“You can’t know that, Ben.”

“Yeah, I can. Trust me, it’s a cop thing.”

“Maybe so,” my wife replied as she pulled away, tears starting to well in her eyes again. “But that doesn’t…”

“I’m tellin’ ya’ don’t go there…” he returned, cutting her off as he reached out and gave her shoulder a squeeze. “She may be a Feeb, but she’s still a badge. She was doin’ ‘er job. B’sides, she’s gonna be fine.” He let out a nervous chuckle that sounded as if he was trying to reassure himself as much as her, then added, “Ya’ don’t really think she’s gonna let me off the hook that easy, do ya’?”

I caught a glimpse of a forced smile pulling at the corner of her mouth as she tried to respond to his attempt at cheering her up and then watched as her lips quickly turned back into a frown. She shot a glance toward me, and I could see in her expression that she was wrestling with a different guilt entirely. I had a feeling I knew the source of the anguish all too well because I was feeling it too. And I suspected the two of us weren’t the only ones fending off the pain it brought. Ben probably was as well but when it came right down to it, none of us wanted to be the first to confess the sin.

She looked back at him and said, “Thank you,” before turning fully to face me and adding, “Don’t be long?”

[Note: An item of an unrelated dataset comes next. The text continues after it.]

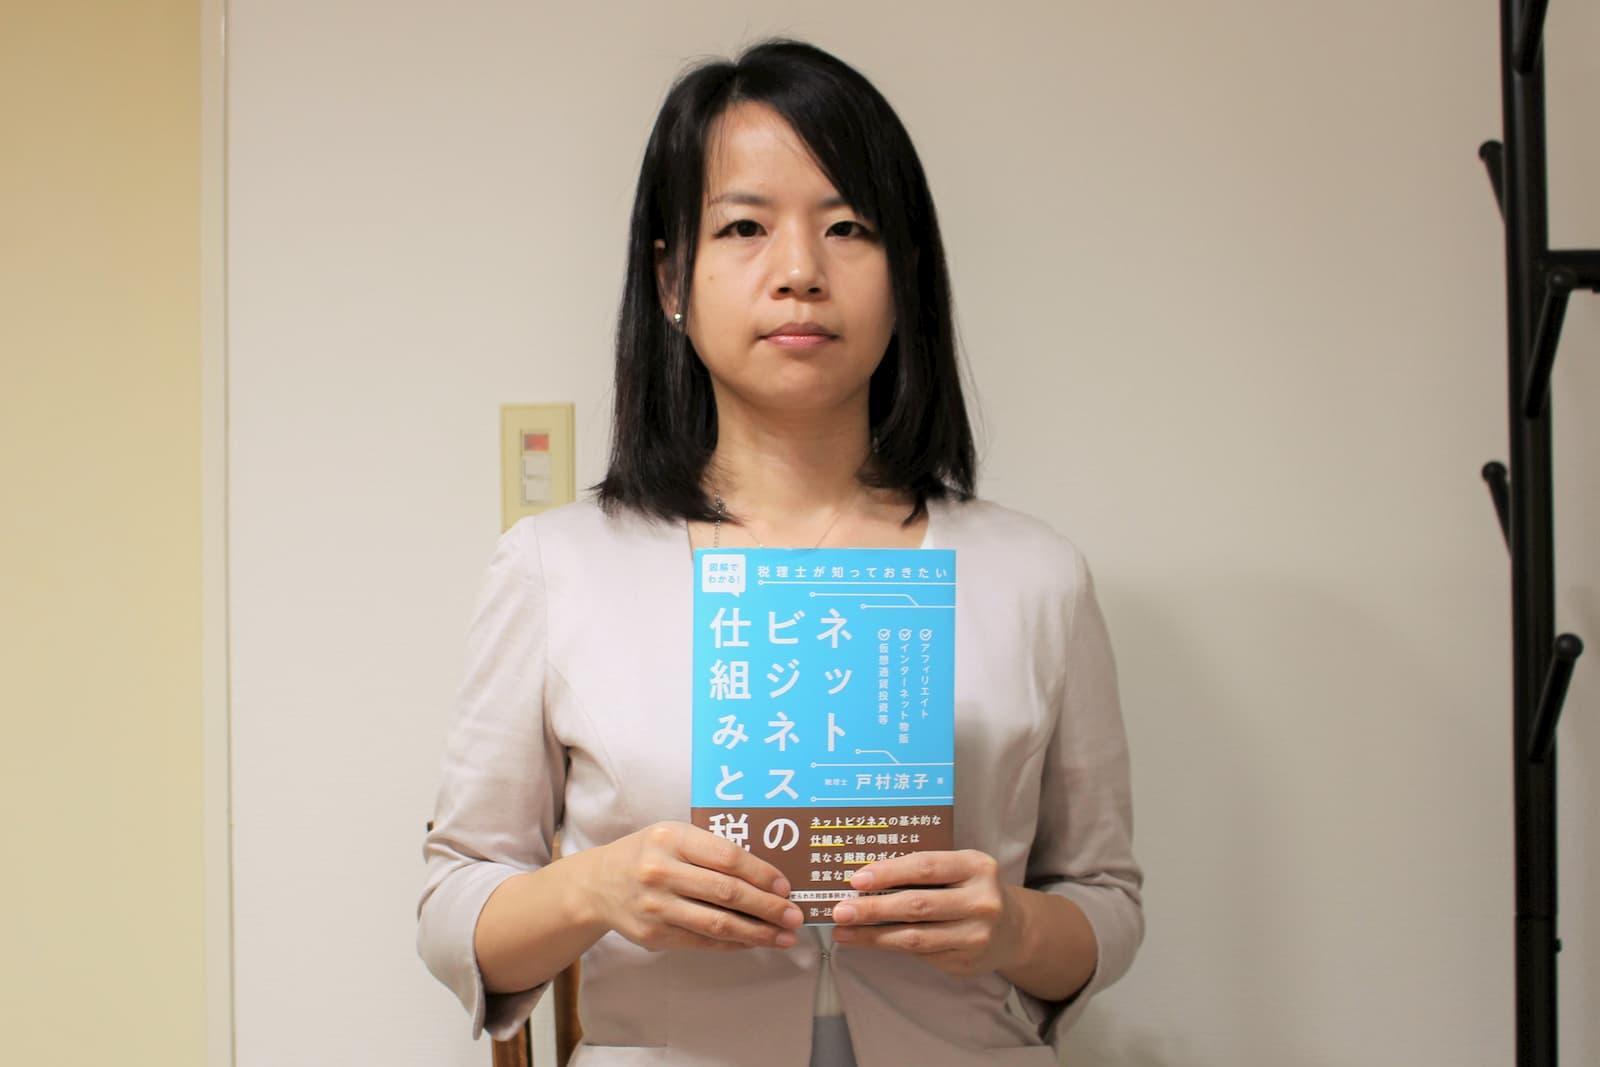 老後2000万貯金より「仲間を作ったほうがいい」税理士・戸村涼子さんが語るお金論

Her voice was soft, yet held the benign note of insistence that was so often exchanged between husbands and wives, telling me she wanted to be on the way soon. When I looked into her eyes, however, a “demand” wasn’t what I saw.

If anything, she wore an expression that was no less than a pleading question mark.

CHAPTER 3:

Ben and I both watched after Felicity as she walked down the path and started along the edge of the access road rather than chance crossing the soft ground in heels. The hard sound of her shoe soles against the asphalt dulled with each step she took, but I continued to gaze in her direction until she disappeared behind the end of a small hedgerow.